Redlining our urban neighborhoods & real estate to ruin

If you believe sprawl just magically happened, here's something that visually suggests otherwise. Thanks to researchers at the University of Richmond, Mapping Inequality offers unprecedented online access to the national collection of 'security maps' produced between 1935 and 1940, that doomed thousands of inner city neighborhoods to the negative effect of redlining.

Huts and unemployed men in New York City during the Great Depression in 1935. (New York Public Library Digital Collections)

In order to pull the country out of the Great Depression, a series of socially liberal programs known as the New Deal, materialized between 1933 and 1938. Under the leadership of President Franklin D. Roosevelt, the New Deal included the creation of the Home Owner’s Loan Corporation (HOLC) to refinance defaulted home mortgages in order to prevent foreclosure. Under the direction of the HOLC, nearly 250 color-coded maps were created by mortgage lenders, developers and real estate appraisers identifying the credit worthiness and risks of specific neighborhoods in major cities across the country.

Largely based upon racial and class segregation, the HOLC documents helped guide decades of real estate practice restricting the economic vitality of urban areas throughout the country. Actions such as these, led to the concept of Redlining, where huge swaths of neighborhoods were identified as areas where mortgage lenders preferred not to make loans. Along with other racially biased policies of the era, such as the Servicemen’s Readjustment Act of 1944 (G.I. Bill), led to the proliferation of sprawl as growth and economic opportunity in outlying areas was promoted and subsidized to the detriment of established inner city districts across the country.

20% of the greater Detroit area was considered to be “Best” or “Still Desirable” by the HOLC in 1940.

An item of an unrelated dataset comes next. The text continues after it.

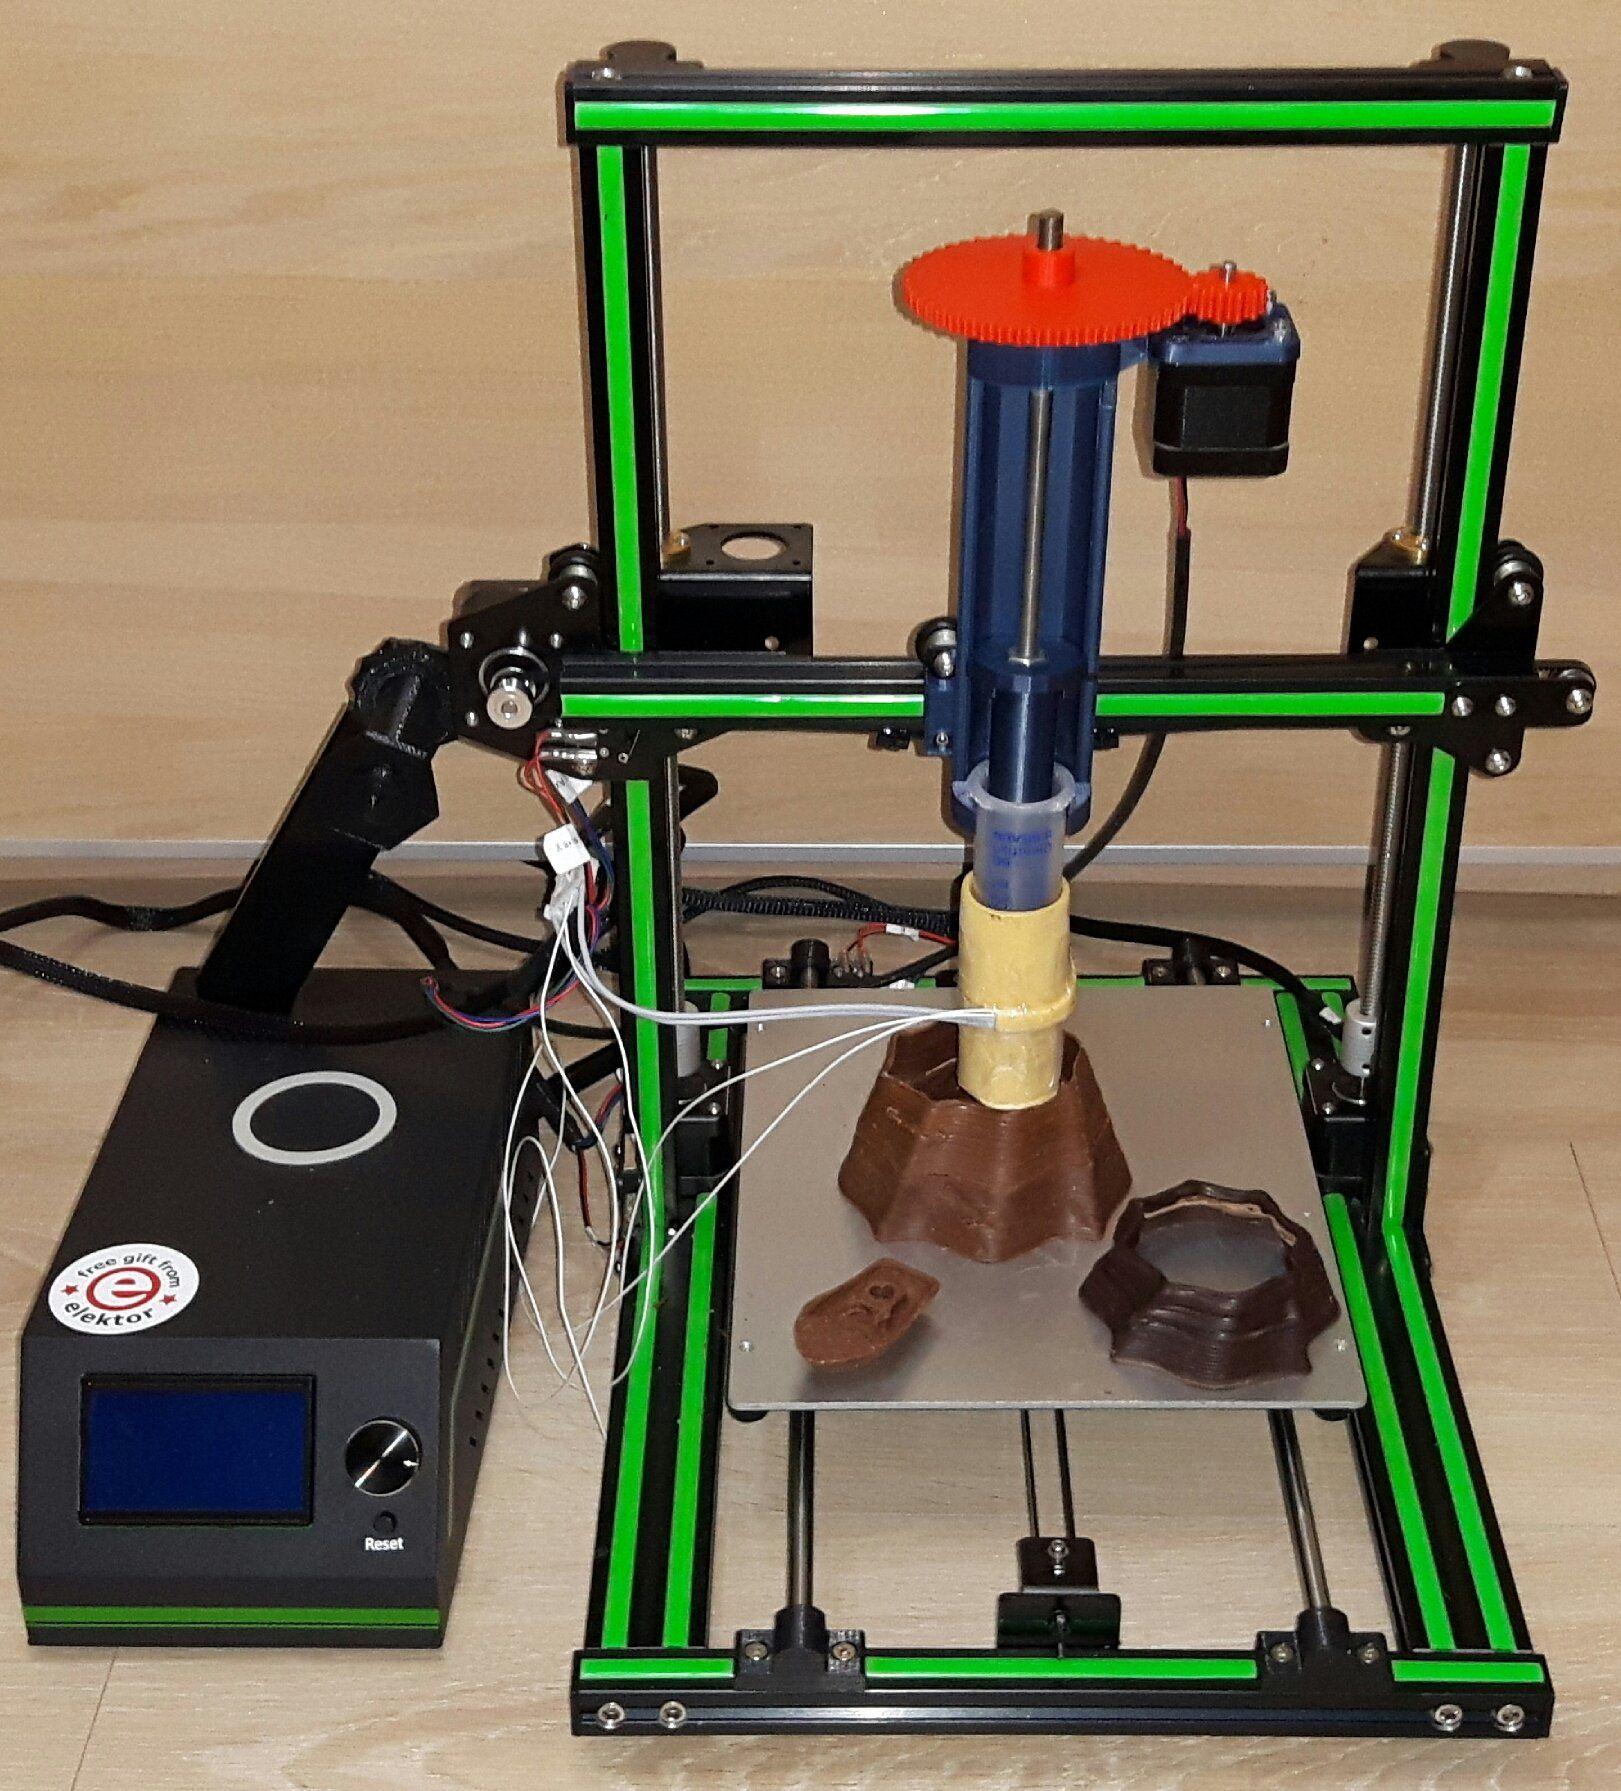 Chocolate 3d Printer Chocolate Extruder By Marvtec By Marvtec Thingiverse Chocolate 3d Printer 3d Printer Printer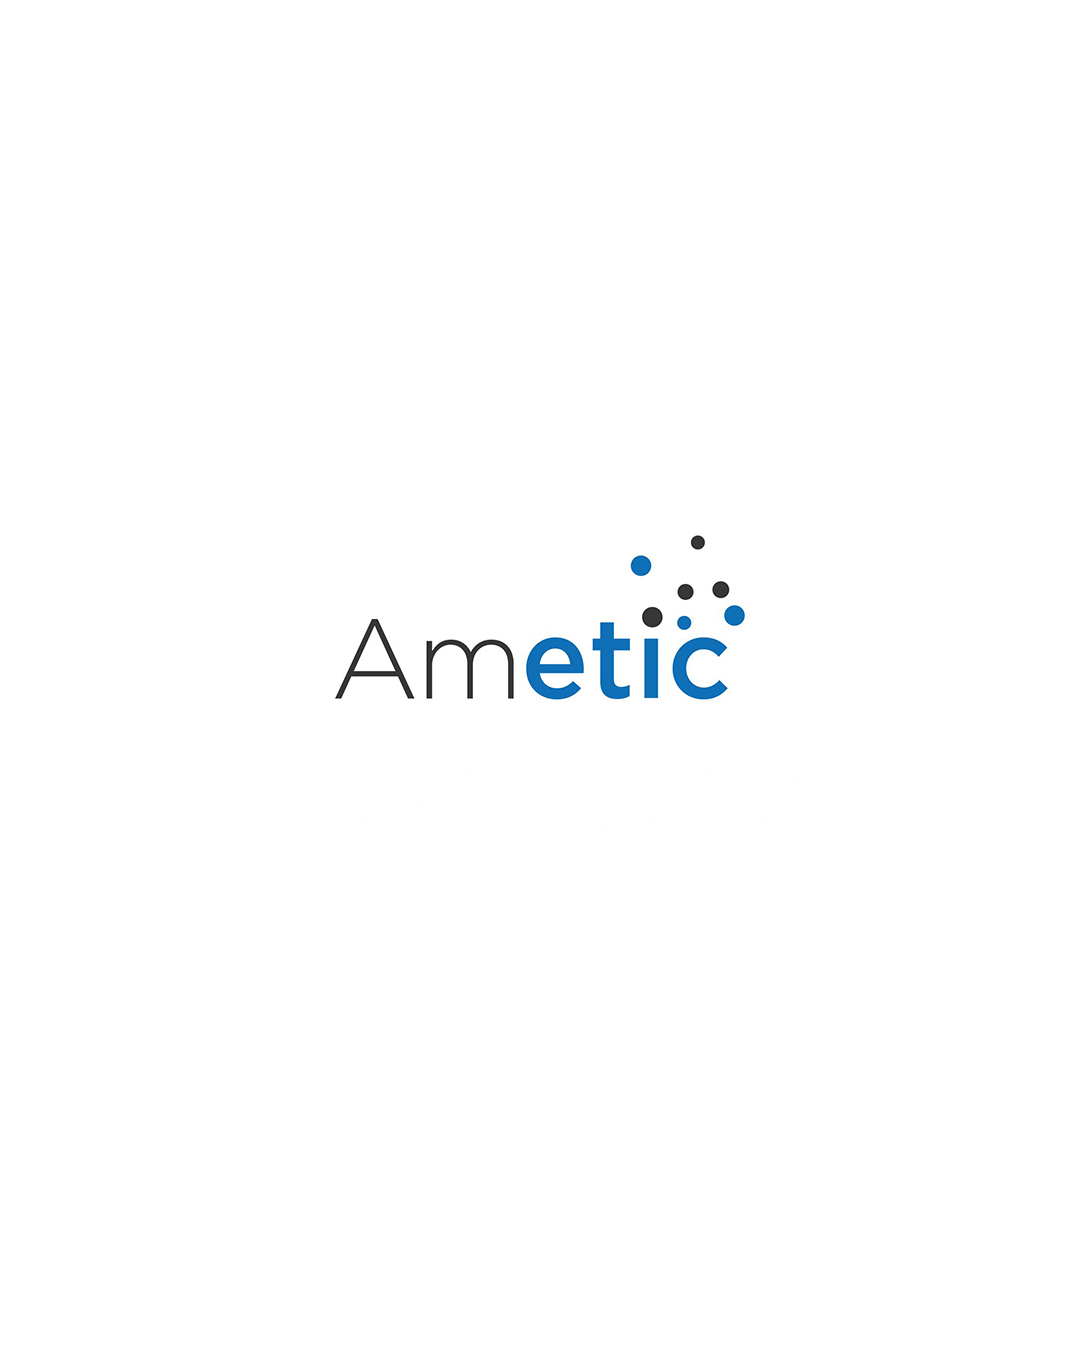 XAmetic

In Jacksonville, a city with a population of 173,065 in 1940, 73 percent of the land area was labeled as either “Hazardous” or “Definitely Declining”. On the other hand, only 25% was listed as being “Best” or “Still Desirable”. Areas redlined or classified as hazardous were identified as being 75 to 100 percent occupied by negros. Needless to say, despite the city’s overall population increasing to 868,031 residents in 2015, the areas redlined nearly 80 years ago have lost 100,000 residents since 1950. Similar statistics can be found with nearly every city documented by the HOLC.

Sugar Hill (Jacksonville, FL) was defined as being “Hazardous” despite being an upscale residential district for early 20th century African-Americans. A few years later, an expressway was constructed through the heart of the neighborhood and urban renewal funds were utilized to raze large sections of the once proud community.

Thanks to researchers at the University of Richmond, MAPPING INEQUALITY Redlining in New Deal America, is a platform offering unprecedented opportunities to digitally browse over 150 interactive HOLC city maps illustrating how America’s Depression-era officials redlined many neighborhoods along racial lines.